# The records
----
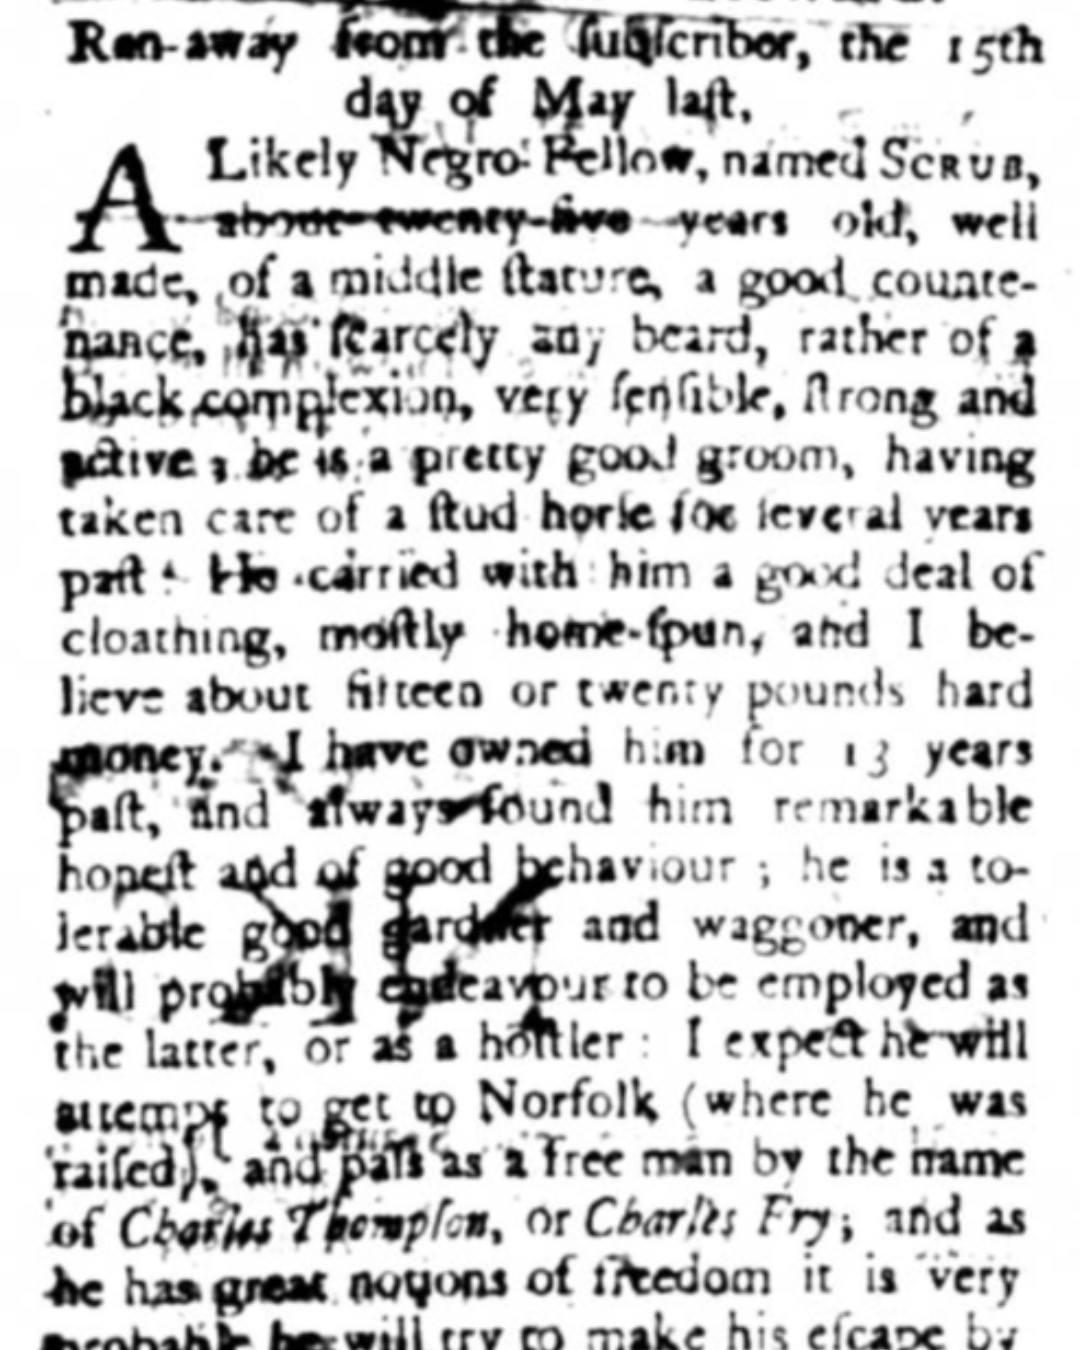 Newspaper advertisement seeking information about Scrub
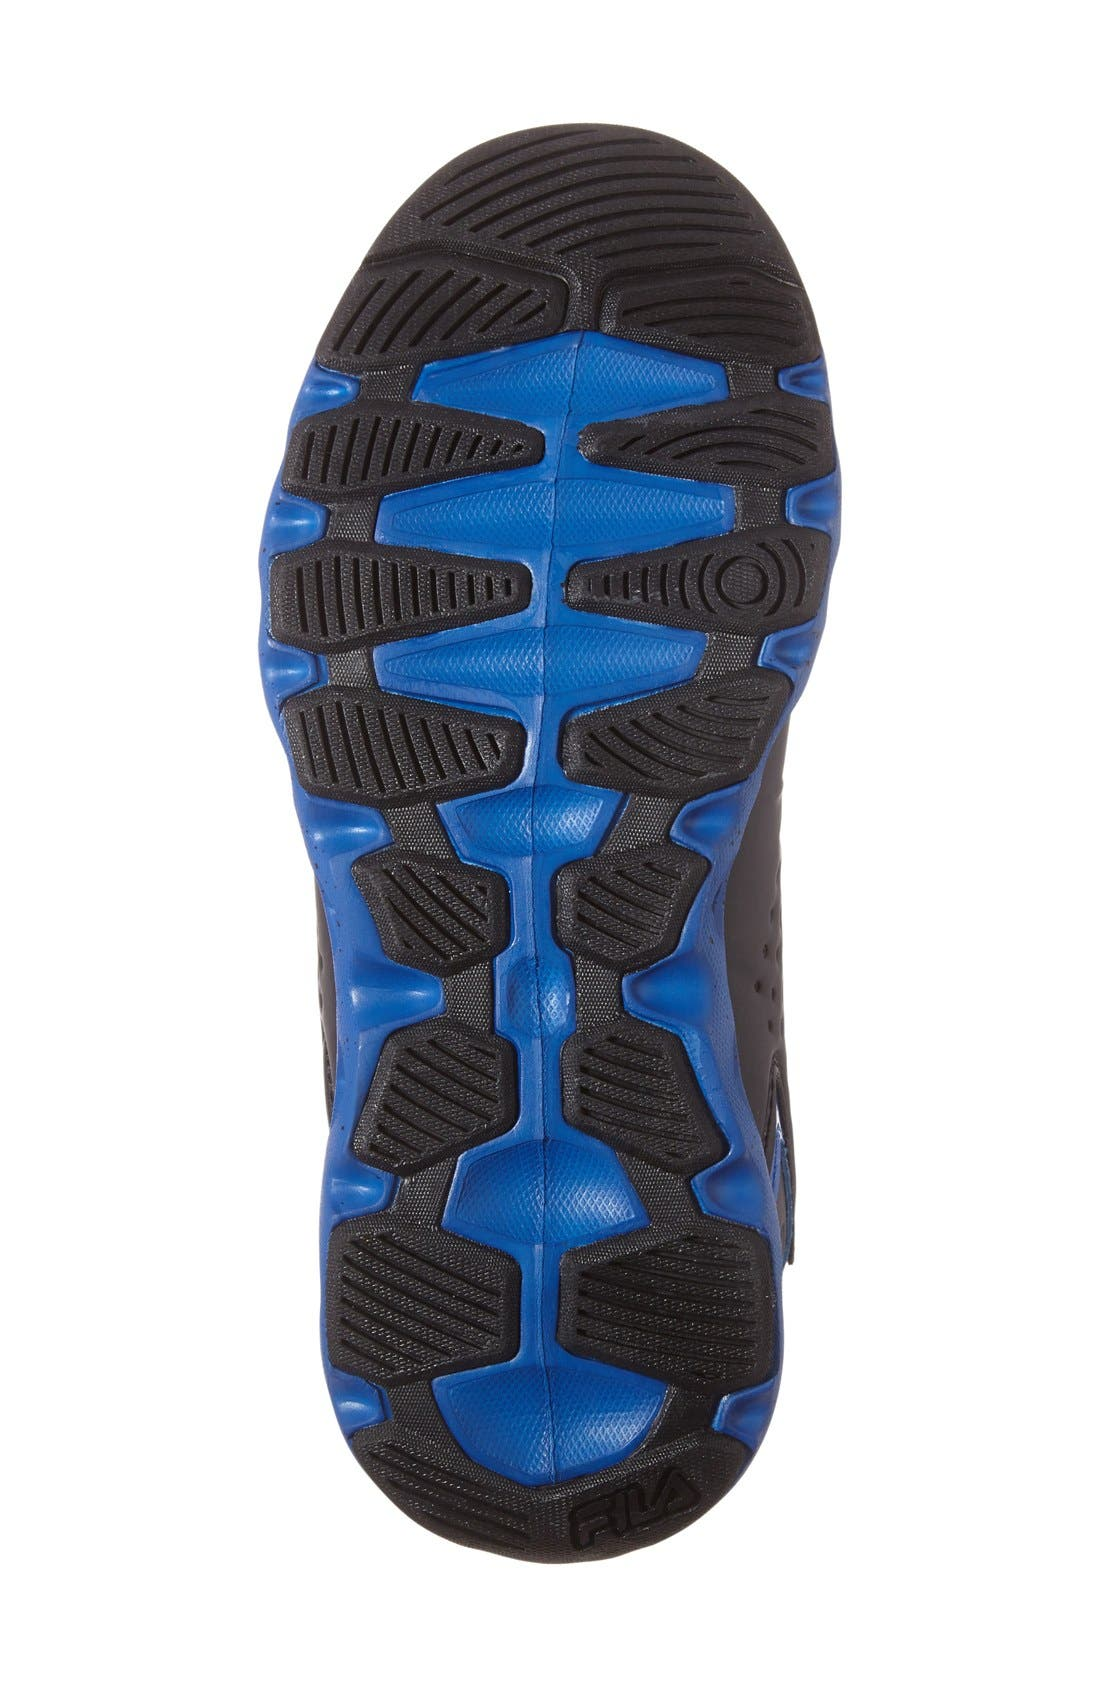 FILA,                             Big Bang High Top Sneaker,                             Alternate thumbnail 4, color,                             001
----
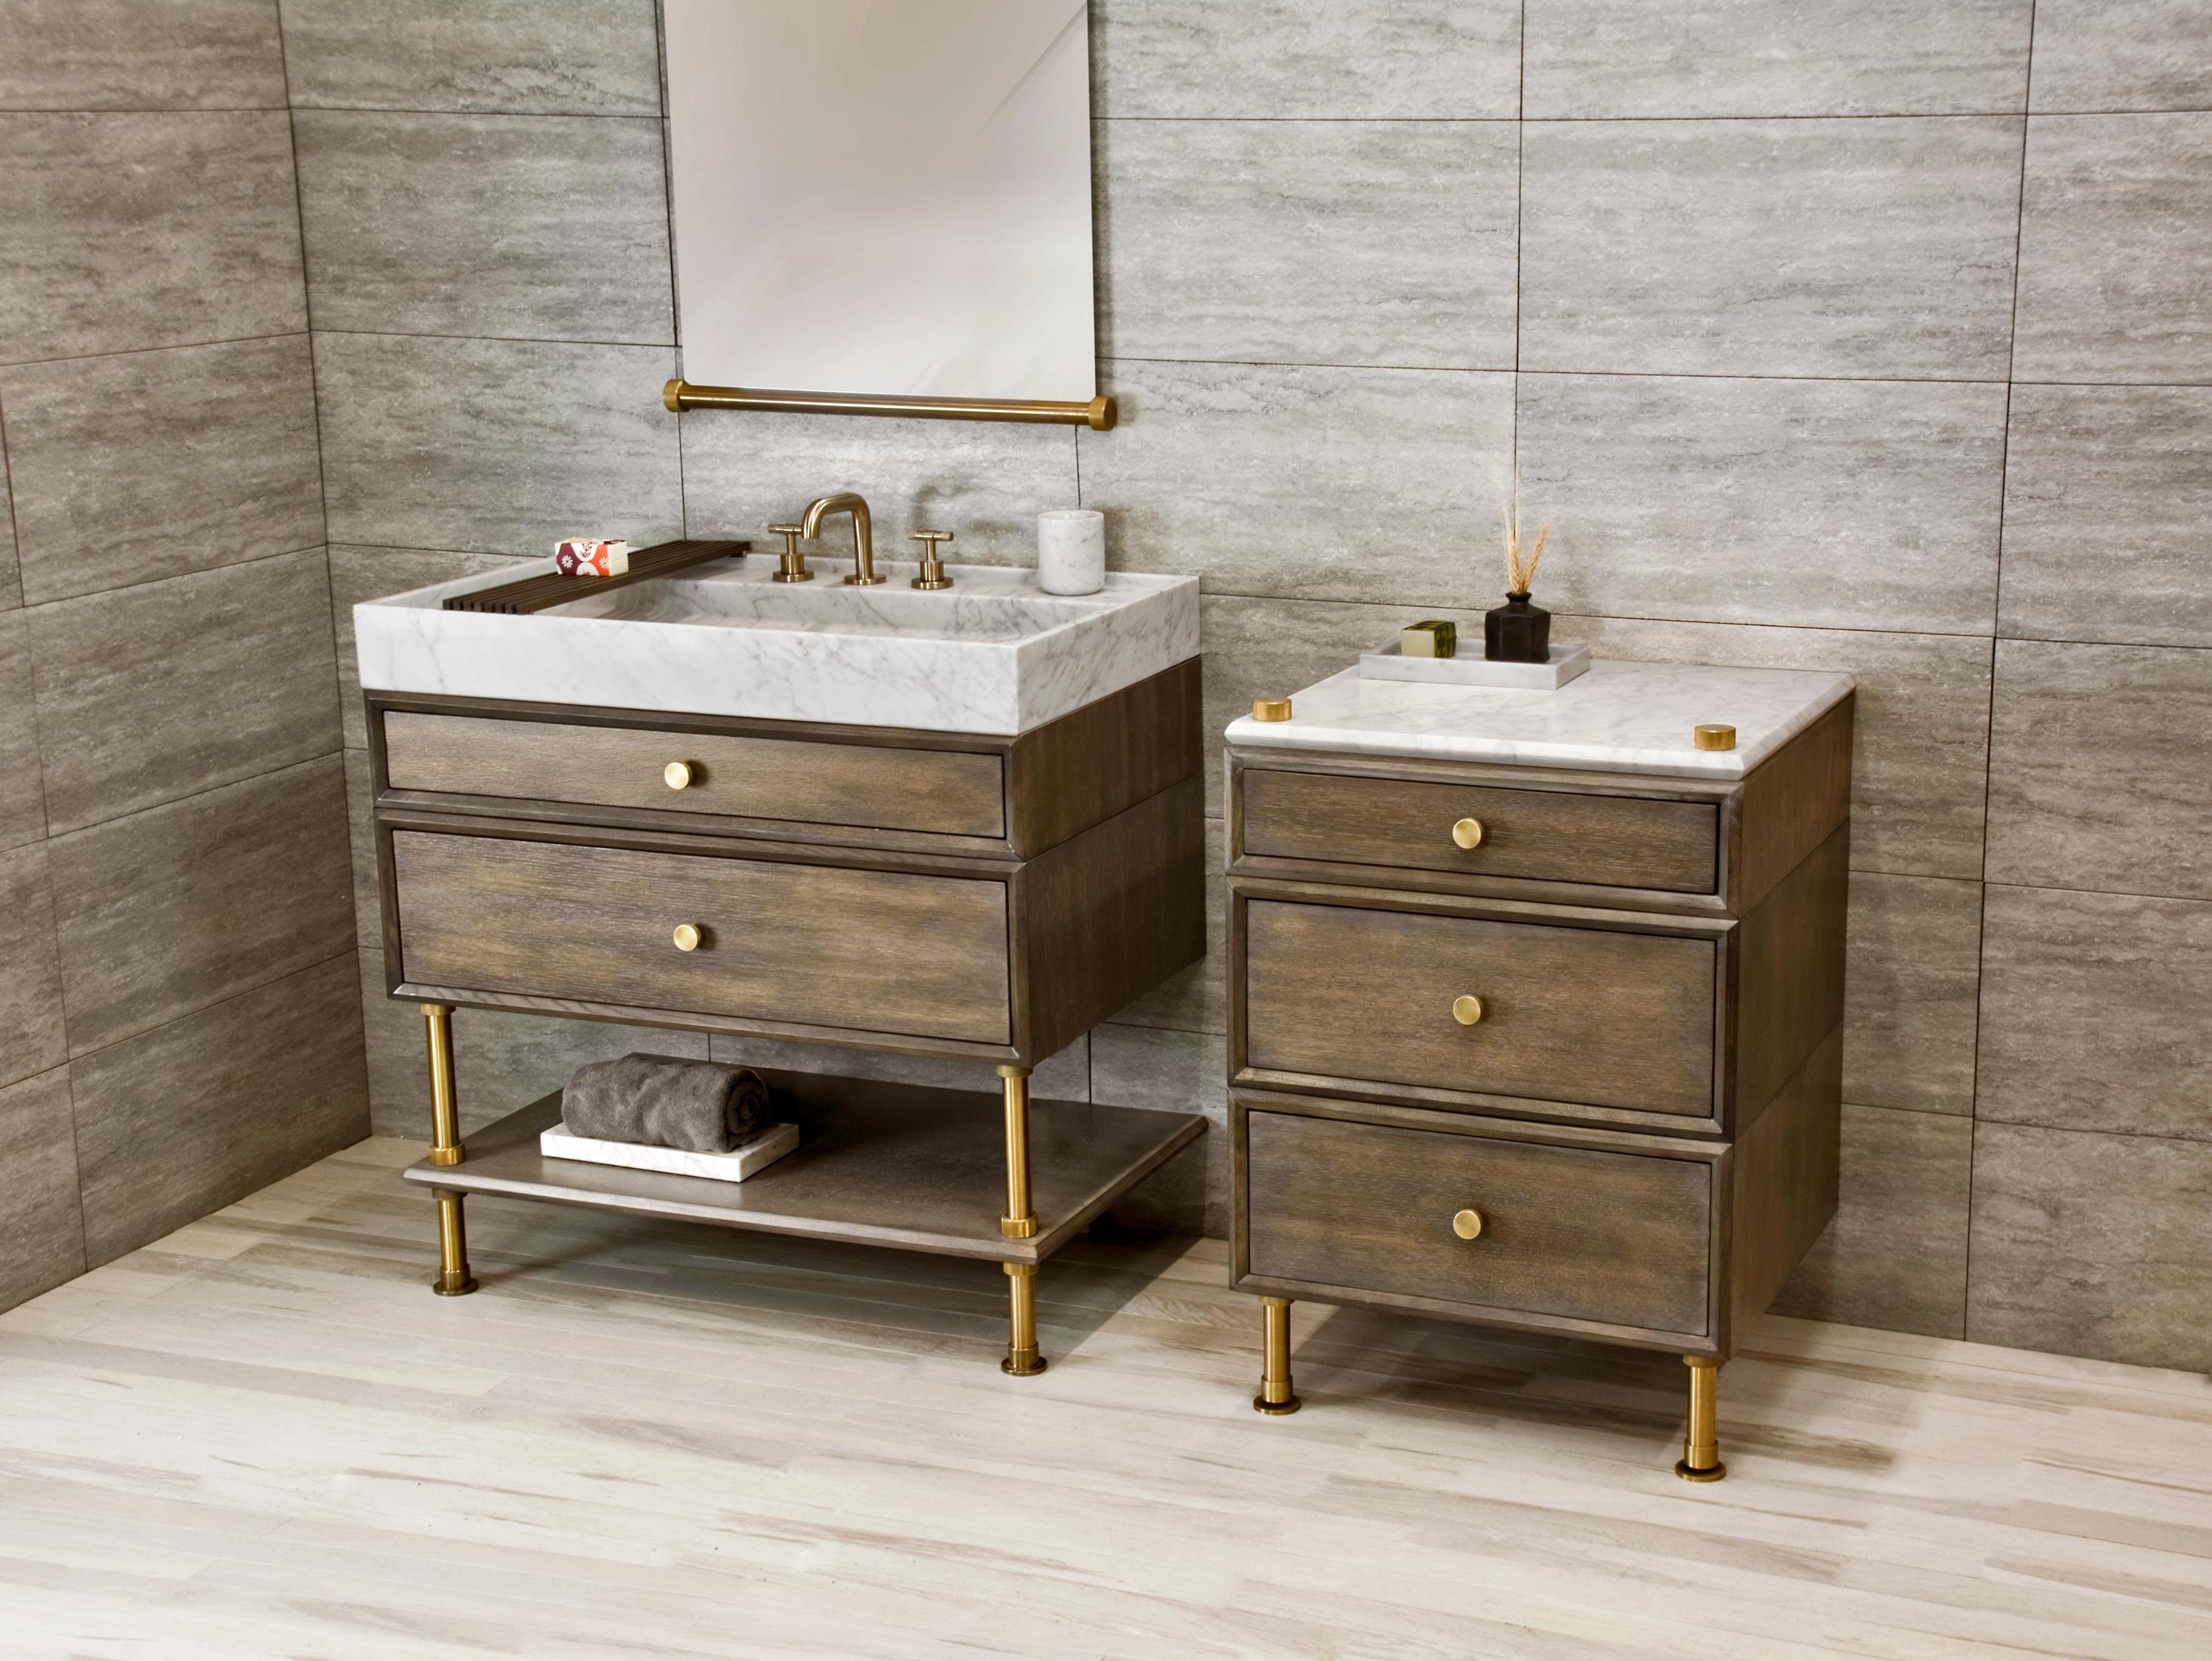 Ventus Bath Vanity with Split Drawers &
----
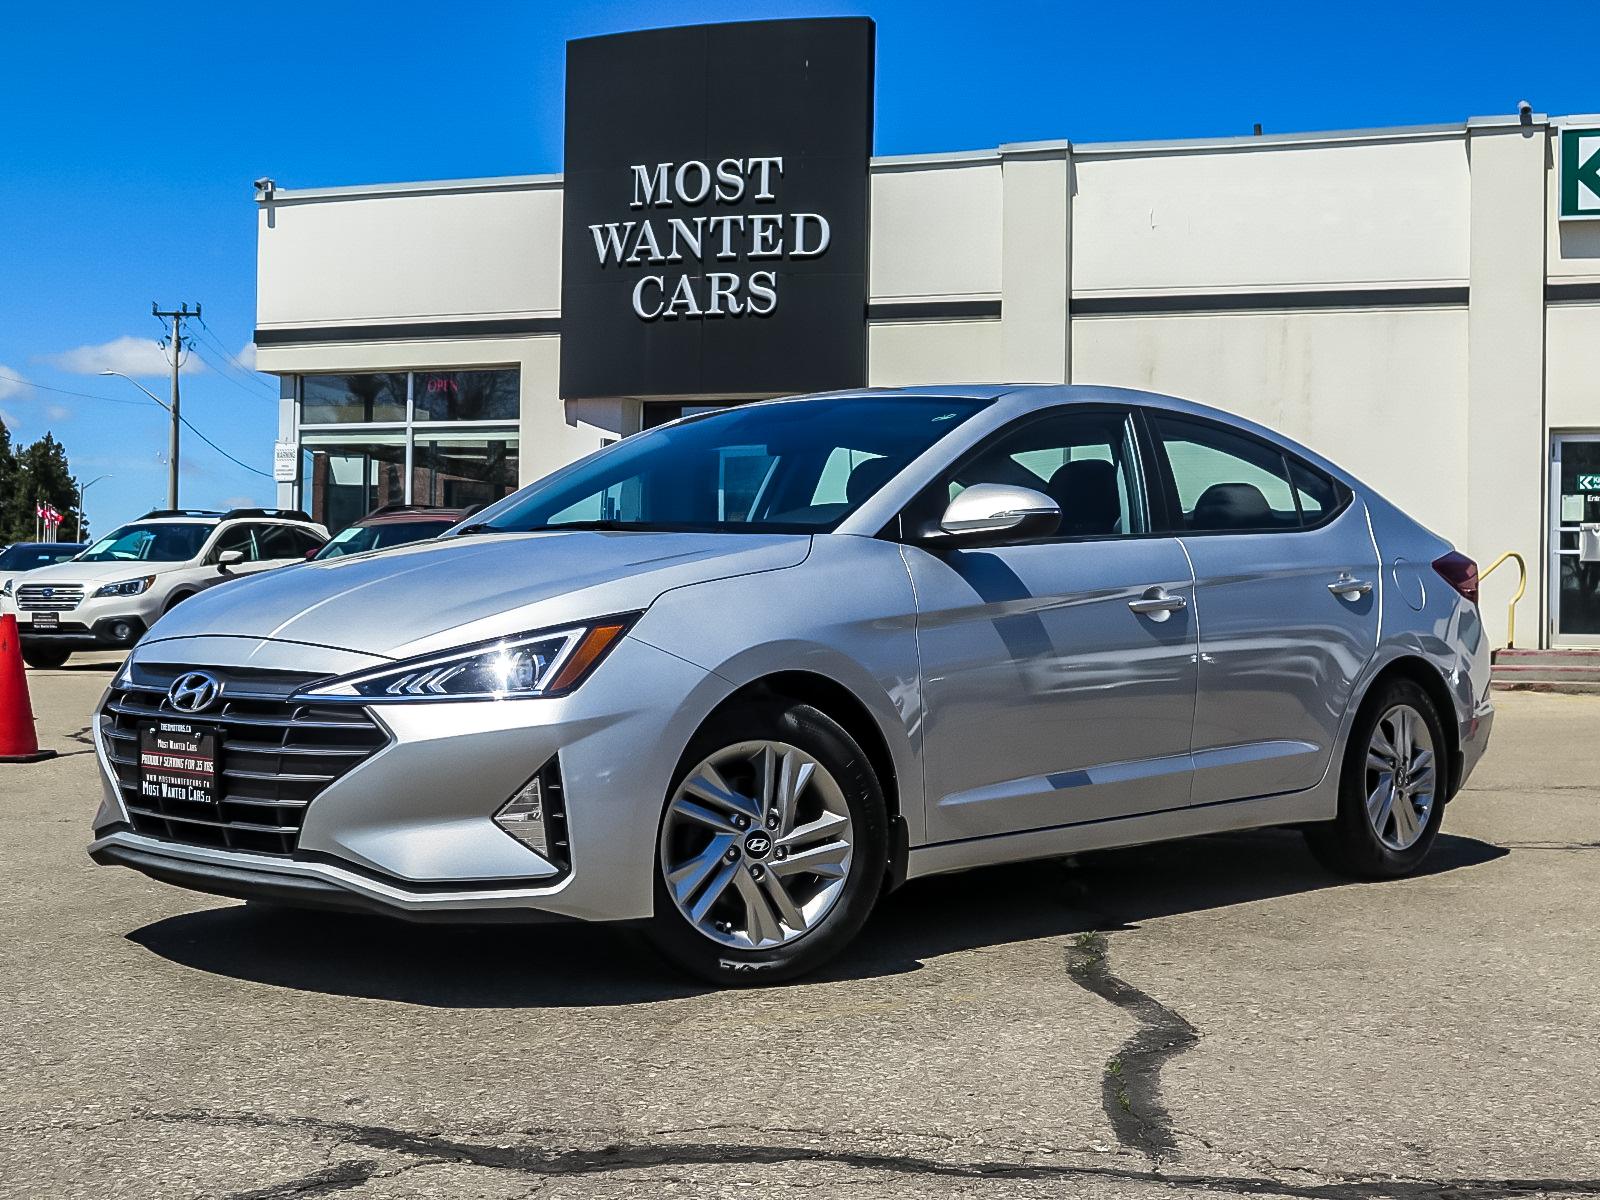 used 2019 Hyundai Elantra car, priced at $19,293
----
# What is expected
Give back exactly the lines above that run from the one with "Newspaper advertisement seeking" to the one with "Big Bang High", including both, with the pictures left out.

# Response
 Newspaper advertisement seeking information about Scrub
 FILA,                             Big Bang High Top Sneaker,                             Alternate thumbnail 4, color,                             001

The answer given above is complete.